There seemed to be no transition between that and Lydia propping him up, holding him under the arms—it was the stab in his ribs that brought him back from momentary unconsciousness He clutched her convulsively against him, pressing his face to hers. “Lydia…”
“God, Jamie…”
It seemed absurd to ask her how she’d tracked him. Ysidro, he thought, turning, even as she broke from him and ran to the vampire lying like a smashed kite on the bloody pavement.
“Simon…”
The skeleton hand moved, gripping hers. “Go after them.
“You…”
“I shall be well.”
She was already tearing his black evening coat aside, revealing the white shirt nearly as black with blood. “Don’t be ridiculous, you can’t—”
“It went through… I’ll be ill for a time… the silver… burns…” He raised his head, long hair falling back bloodied from his face. Surely, Asher thought, horrified, he had not looked like that when they had parted a year ago. “Go.” His hand pressed to his side and blood welled between the spidery fingers. “Both must die. The man and the Undead with whom he made his bargain. It is your part of the pact, mistress,” he added, still more softly. “For this I came with you.”
Asher propped himself on the nearest archway and checked the revolver’s chamber. Four bullets left, all silver. He started to say, Stay with him, but there was a crashing within the passageway to the house, renewed smoke and voices cursing. Madness fleered in the air. Instead he said, “Stay behind me.” But it was Lydia who helped him mount the stairs.
The gallery stank like an abattoir of corruption and blood. The door stood open, and Asher stepped through quickly, gun held ready and his other hand clamped hard on Lydia’s shoulder for support.
The long room was still. The few lamps flung huge shadows, glistened stickily on black lakes of gore.
It soaked the pile carpets, ran down the tiled steps to blend with the melting ice; splashed the walls, the columns, the divan. Asher took another step into the room, sickened, heart hammering, and in the heavy blackness made out shapes, the broken ruin of battle.
That thing like a killed dragon, glittering with blood and jewels, was Olumsiz Bey. It was too dark to see well, but he looked as if most of his throat had been torn out and his intestines strewn among the ripped silk of the robes. It might have been a trick of the candle flame, but Asher thought he saw the movement of those orange eyes. Unsheathed and covered with blood, the silver knife lay in his open hand. Beside him was a broken form in a black coat, wounds curling, blistering, blackening with the burning of the silver, short fair hair soaked dark with grue. Asher said softly, “Charles…”

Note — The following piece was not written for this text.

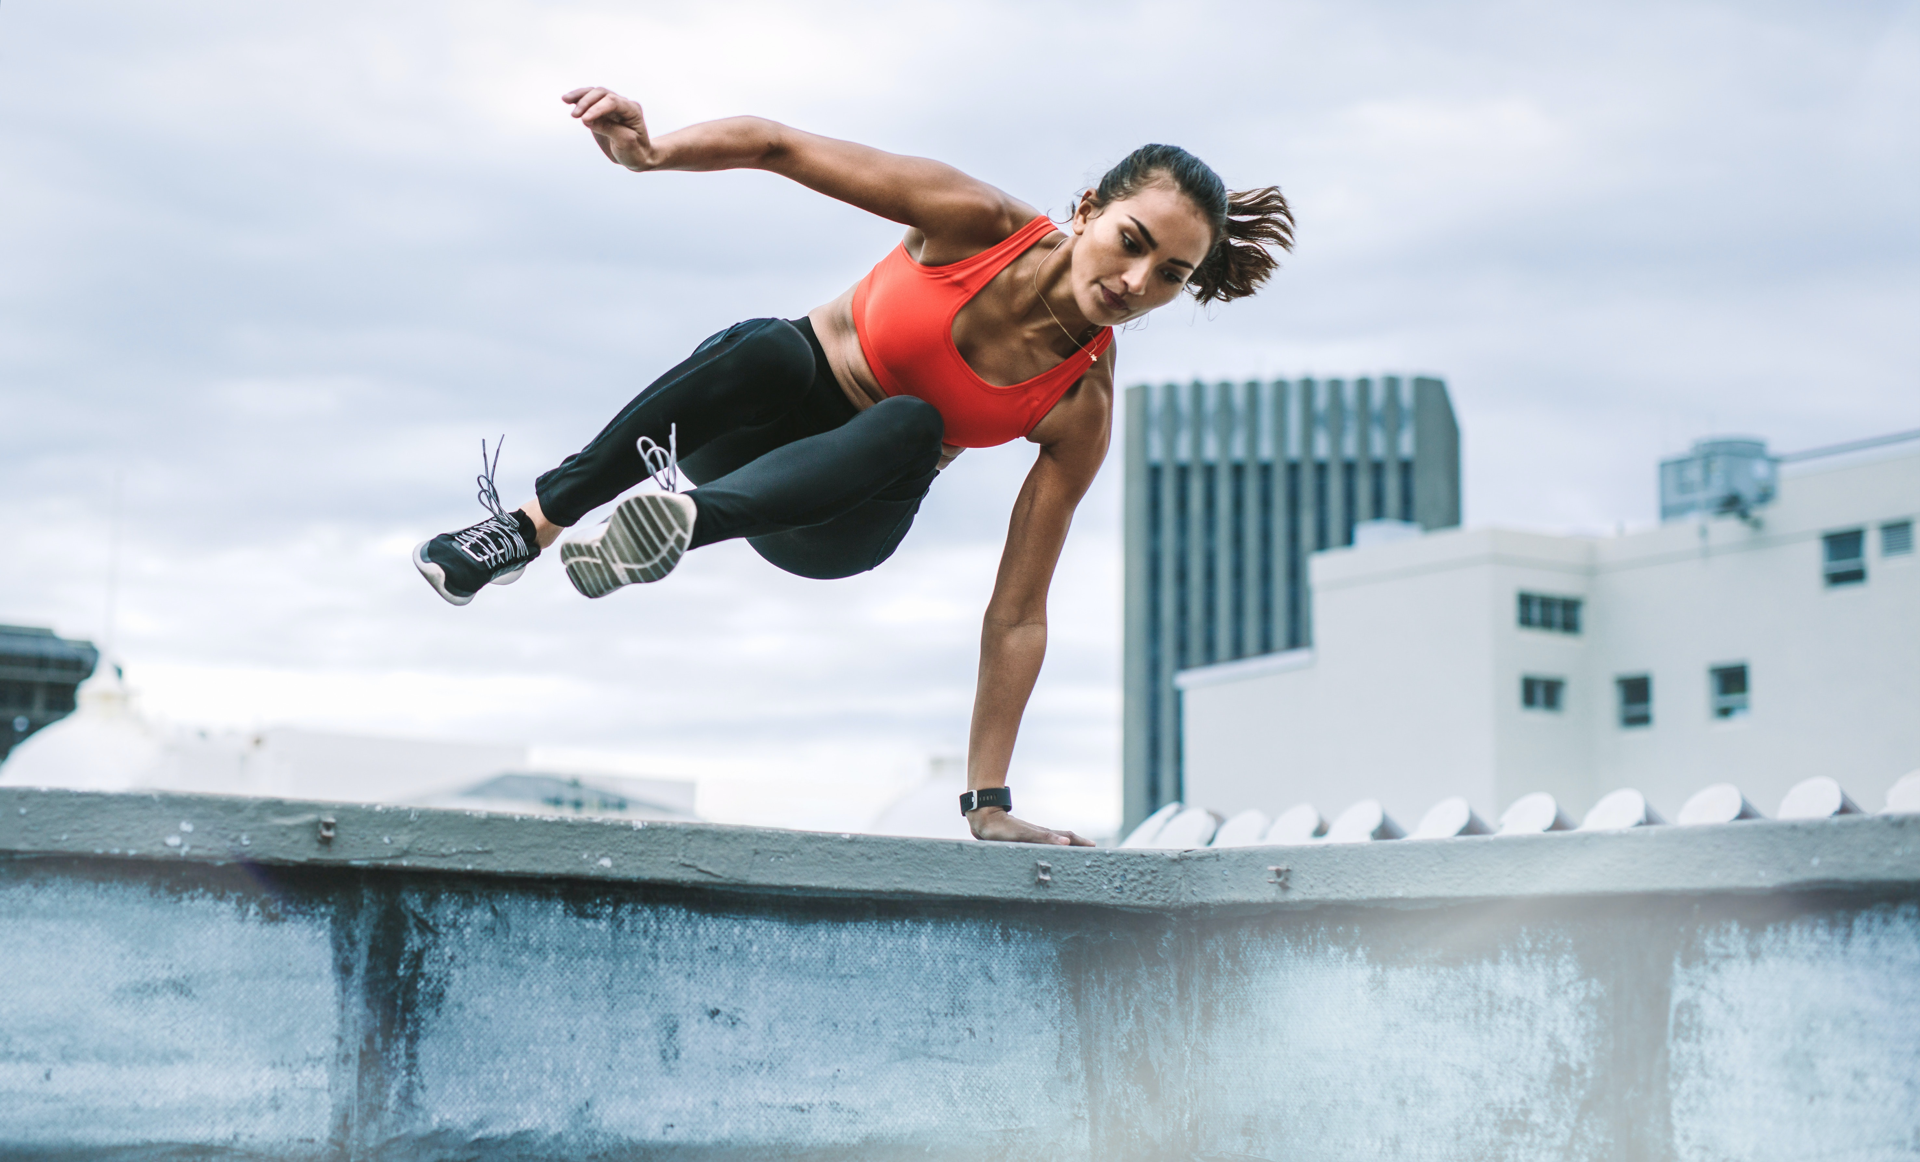 Ban leggings on campus? Ludicrous -- wearing leggings allows women to move like superheroes

And Ernchester moved. Spastic, desperate, unable to rise or speak, still he flung out his hand in warning. Asher turned, throwing himself against the wall, and fired at the shadow that fell upon him from the denser shadows near the door. The bullet went wild; he fired again, and blackness covered his mind, blinding him, followed by pain in his side, in his shoulder, his neck. He rolled, struck one of the pillars at the end of the hall and someone dragged him back against it—Lydia—and his head cleared in time to see Golge Kurt walking away toward the broken and bloodied forms of Ernchester and Olumsiz Bey.
He moved unhurried, without the drifting, ghostly swiftness of Ysidro. Asher guessed he had not been vampire long.
Lydia ripped free one of her gloves, fumbled with the tangle of silver and pearls around her throat. “Put this on.” She pressed a couple of chains into his hands. He realized Golge Kurt was between them and the distant door.
Asher obeyed, knowing it would do no good.
Olumsiz Bey was moving. Golge Kurt pressed the barrel of Karolyi’s pistol to the older vampire’s head and fired. The report was like a cannon in the long room. In the pit of ice the boy Kahlil cried out, a terrible sound; the Turk turned and fired at him from where he stood. The body jounced and lay still.
Lamplight glittered on Golge Kurt’s smile.